Rising public sector spending, particularly due to the high number of public administration employees, also raises questions about fiscal sustainability.
Furthermore, several reports show that a significant portion of the population is facing rising debt, suggesting that economic growth has not yet translated into broad-based improvements in well-being.
However, the Albanian government has proposed an ambitious budget for 2025, aiming for economic growth and fiscal stability.

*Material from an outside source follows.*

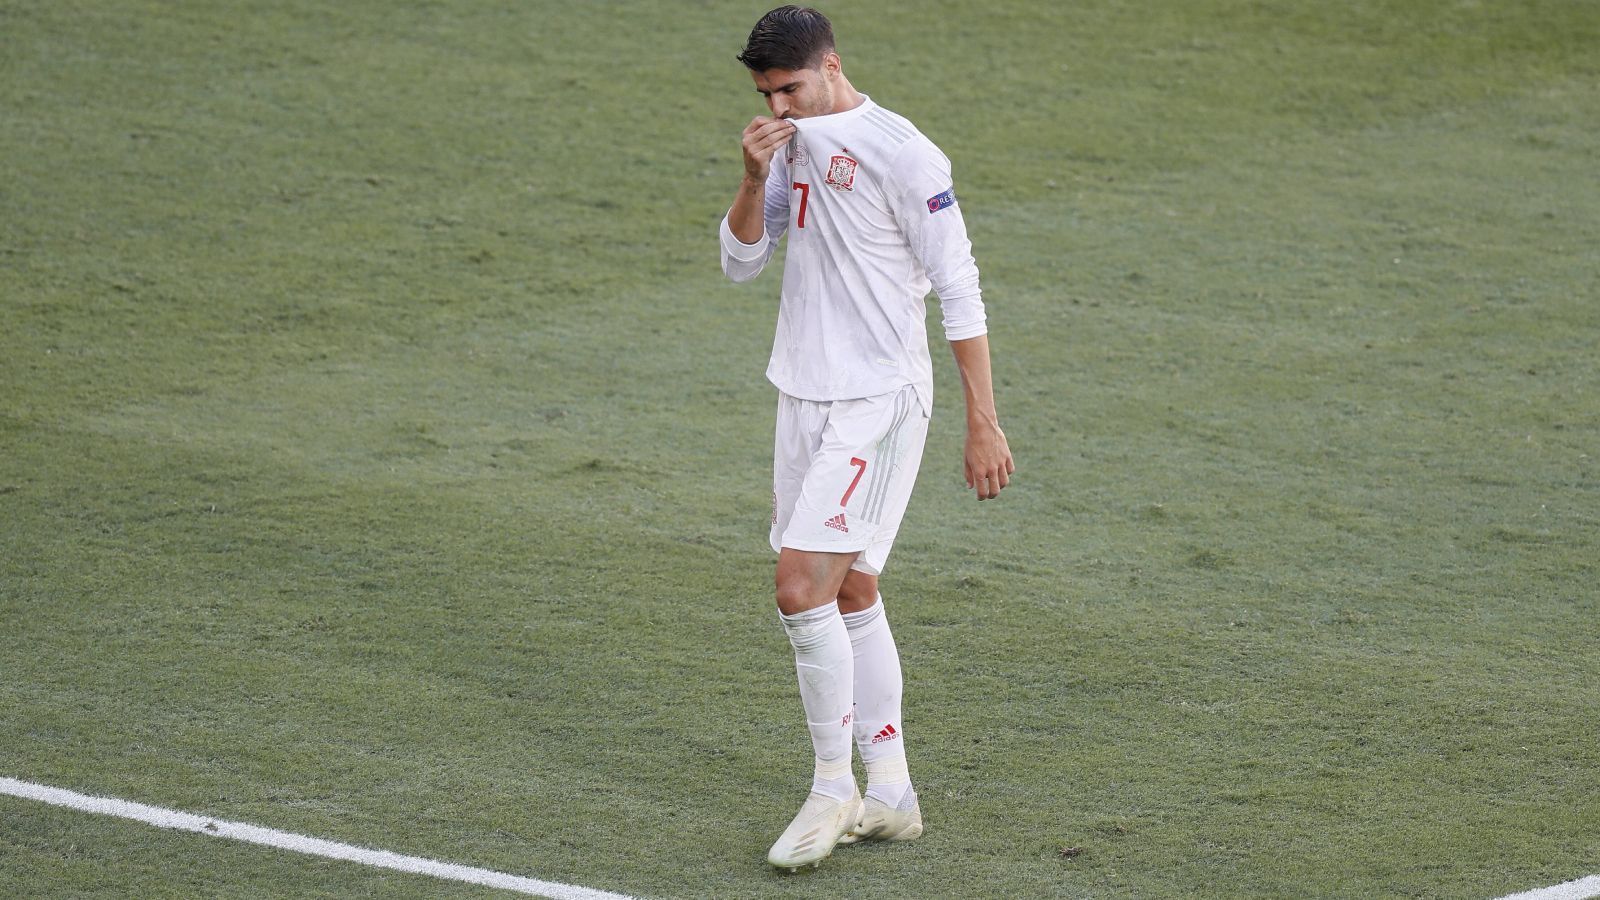 
                <strong>Spanien</strong><br>
                Bis zum letzten Spieltag der Gruppe war nicht klar, ob Spanien in der K.o.-Runde der Euro vertreten sein würde. Einem einfallslosen 0:0 gegen Schweden folgte ein enttäuschendes 1:1 gegen Polen. Im letzten Spiel gegen die Slowakei schossen sich die Iberer beim 5:0 zwar den Frust von der Seele, die Probleme der Seleccion bleiben jedoch bestehen. Immerhin: Spanien geht mit einem guten Gefühl in das Spiel gegen Kroatien.

The proposed budget of €8.2 billion marks a significant increase from previous years.
Overall, looking across the Western Balkans region, the 2025 budgets reflect a balance between fiscal prudence, infrastructure development and efforts to foster economic convergence with the European Union. This strategy is in line with the broader EU-backed Growth Plan for the Western Balkans, which aims to accelerate the integration of the region while promoting economic stability and sustainable development.
[1] The budget should be a single document, presenting a clear and comprehensive financial plan.
Sound financial management: Ensuring that funds are used efficiently and effectively.
The budget process and its implementation should be open and transparent to the public.